The surprising things that are inside cog are, well, it has to generate a module synthetically so that it can run the code. It generates a cog module synthetically and makes it available so that you can say cog dot whatever you need to, you know, out l or whatever you need to do. There was some trickiness to if you had an error in your Python code, how I could give you a trace back that gave you the line number of where the Python code started in your static file, plus how many lines down into your Python file the error is. Right?

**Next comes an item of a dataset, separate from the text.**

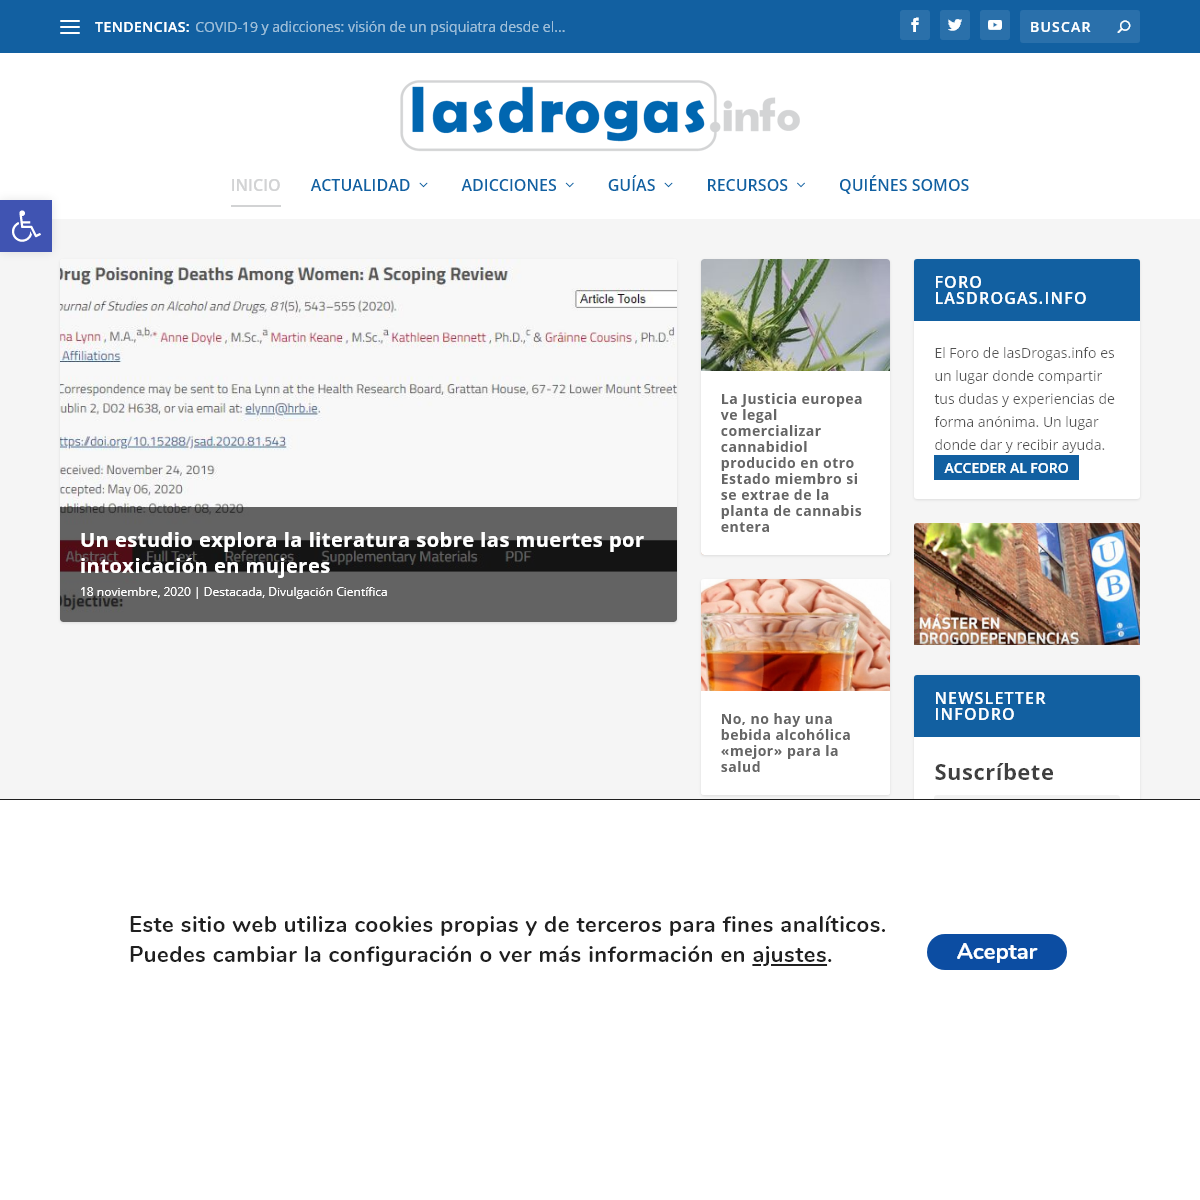 A complete backup of lasdrogas.info
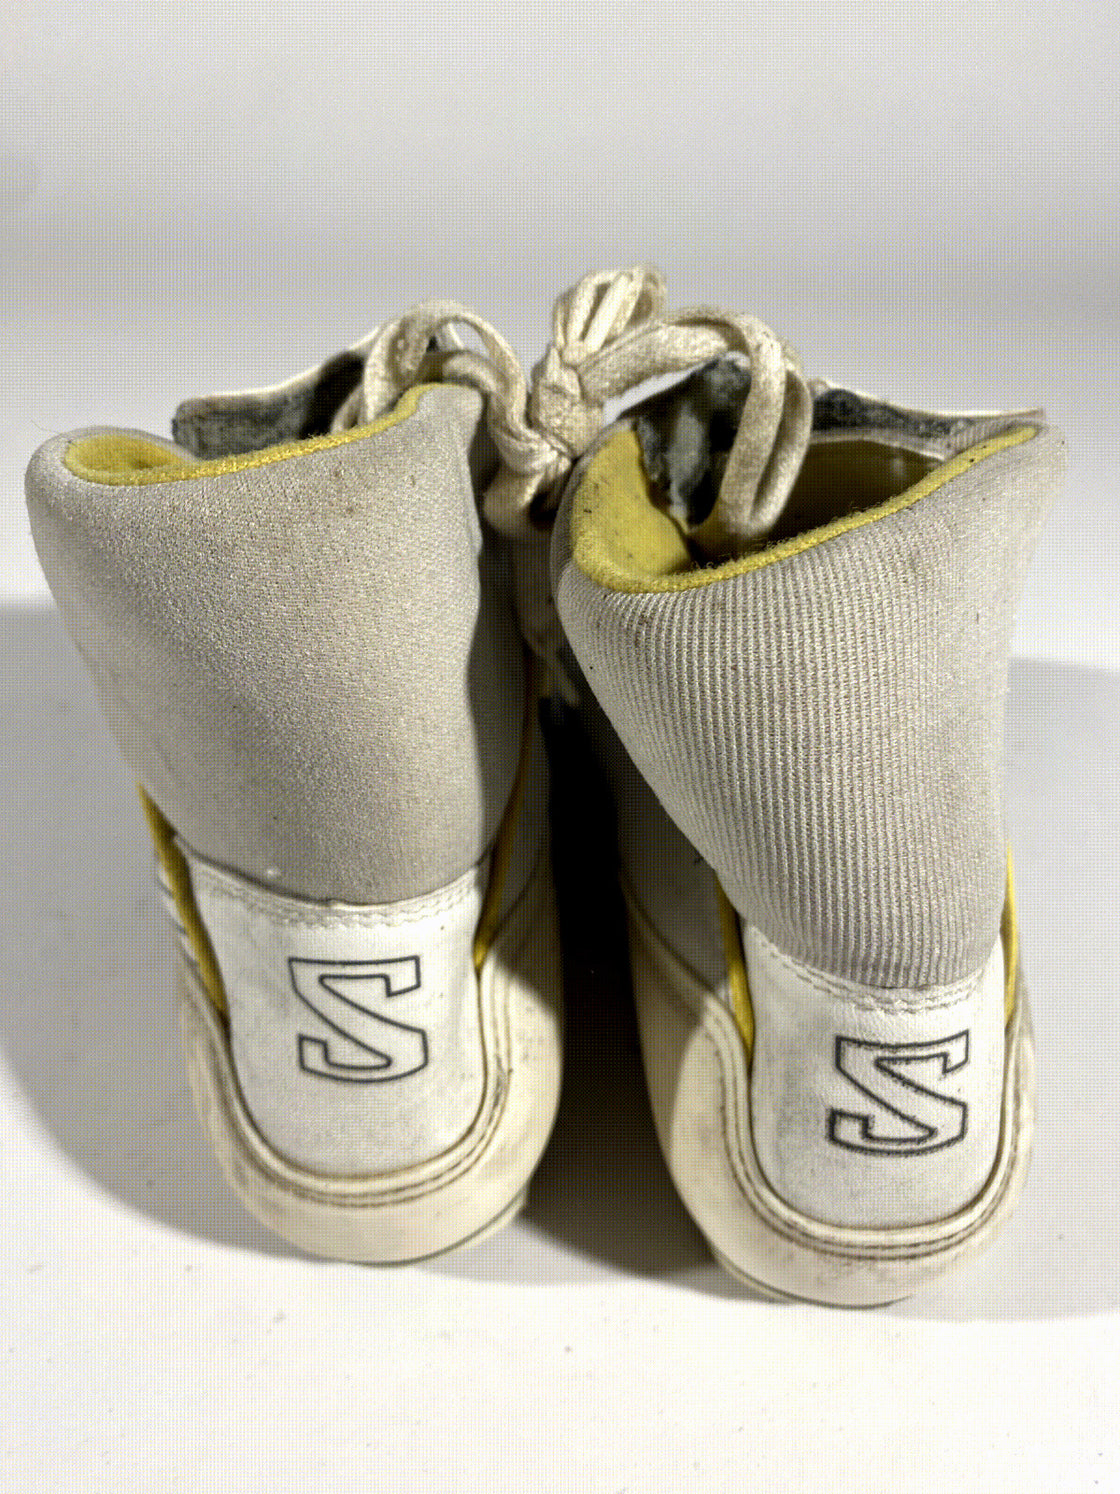 Salomon SR601 Nordic Cross Country Ski Boots Size EU41 US8 for SNS Old

If you have a 10 line Python chunk inside a 1, 000 line SQL file, you don't wanna get an error message that says line 8 because you don't know where it is and you don't wanna get an error message that says line 990 because you don't know where in the Python it is. So you need sort of 2 line numbers. So there's a little trickiness to kind of synthetically create those markers for trace backs.
I I mean, ironically, you know, coverage gets me into lots of internal details of Python execution and code objects and stack traces and things like that. But even something like cog, because it's fooling around sort of with Python execution, gets you into those sorts of internals. The thing that I keep overlooking as I build tools that I think of as command line tools is making them also be libraries that are useful. There's actually an open issue in the cog tracker asking me to make cog usable as a library, which it is not. Right? Right now, it's just a command line tool, and there's no way to synthetically call, you know, programmatically call cog to operate on a bunch of files, for instance, or something like that. There's another project I built a year or 2 ago where I made that same mistake. Oh, it's a command line tool. I'll just make a command line tool. When really what I should have said was, let me make a library that does these things, and then I'll put a command line wrapper around it.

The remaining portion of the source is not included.